If you prefer not to use SubjectsLoader, pass collate_subjects as the collation function:

from torch.utils.data import DataLoader
import torchio as tio

loader = DataLoader(
    dataset,
    batch_size=4,
    collate_fn=tio.collate_subjects,
)

How it works

Each image's 4D tensor is stacked into a 5D ImagesBatch (B, C, I, J, K). Per-sample affine matrices are stored as a list. Metadata is collected into lists.

Applying transforms to batches

Transforms work directly on SubjectsBatch.
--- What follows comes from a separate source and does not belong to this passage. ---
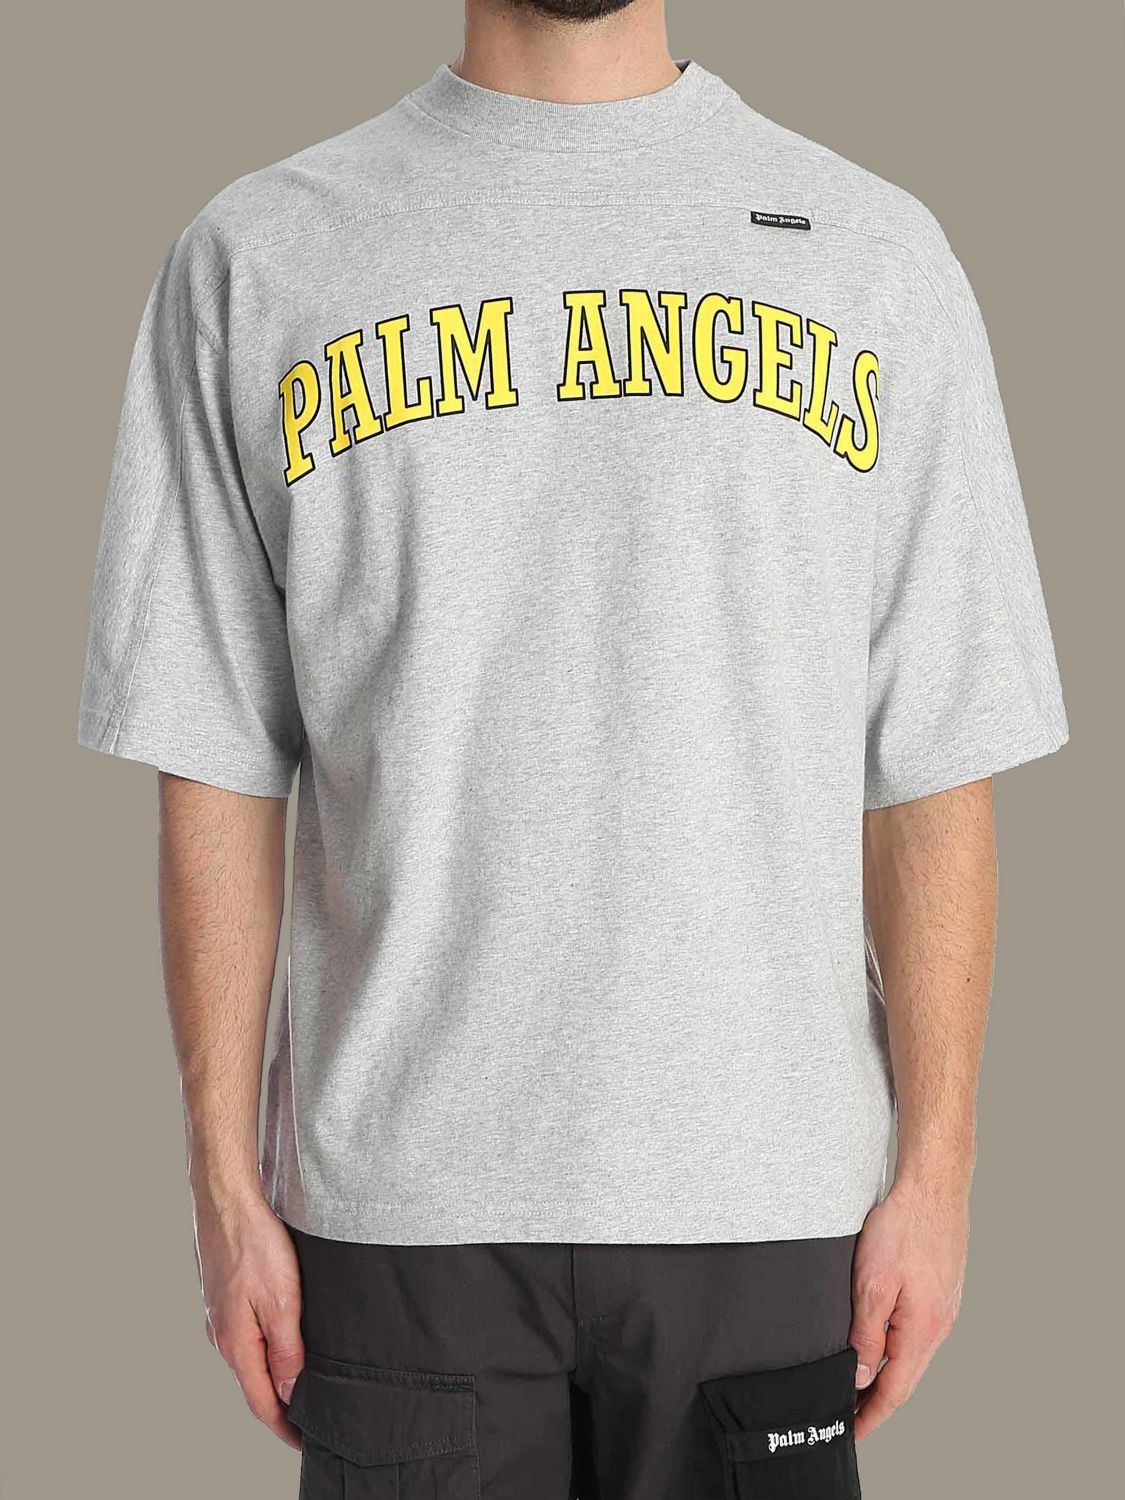 palm angels grey t shirt

Parameters are sampled once and applied identically to all samples:

batch = next(iter(loader))
augmented = tio.Flip(axes=(0,), p=0.5)(batch)
augmented.image.data.shape  # (4, 1, H, W, D)

Loading images without a Subject

If your dataset returns individual Image objects (not Subject), use ImagesLoader:

class SliceDataset(Dataset):
    def __init__(self, paths):
        self.images = [tio.ScalarImage(p) for p in paths]

    def __len__(self):
        return len(self.images)

    def __getitem__(self, idx):
        return self.images[idx]

loader = tio.ImagesLoader(SliceDataset(paths), batch_size=4)
batch = next(iter(loader))
batch.data.shape     # (4, 1, H, W, D)
batch.affines        # list of 4 AffineMatrix instances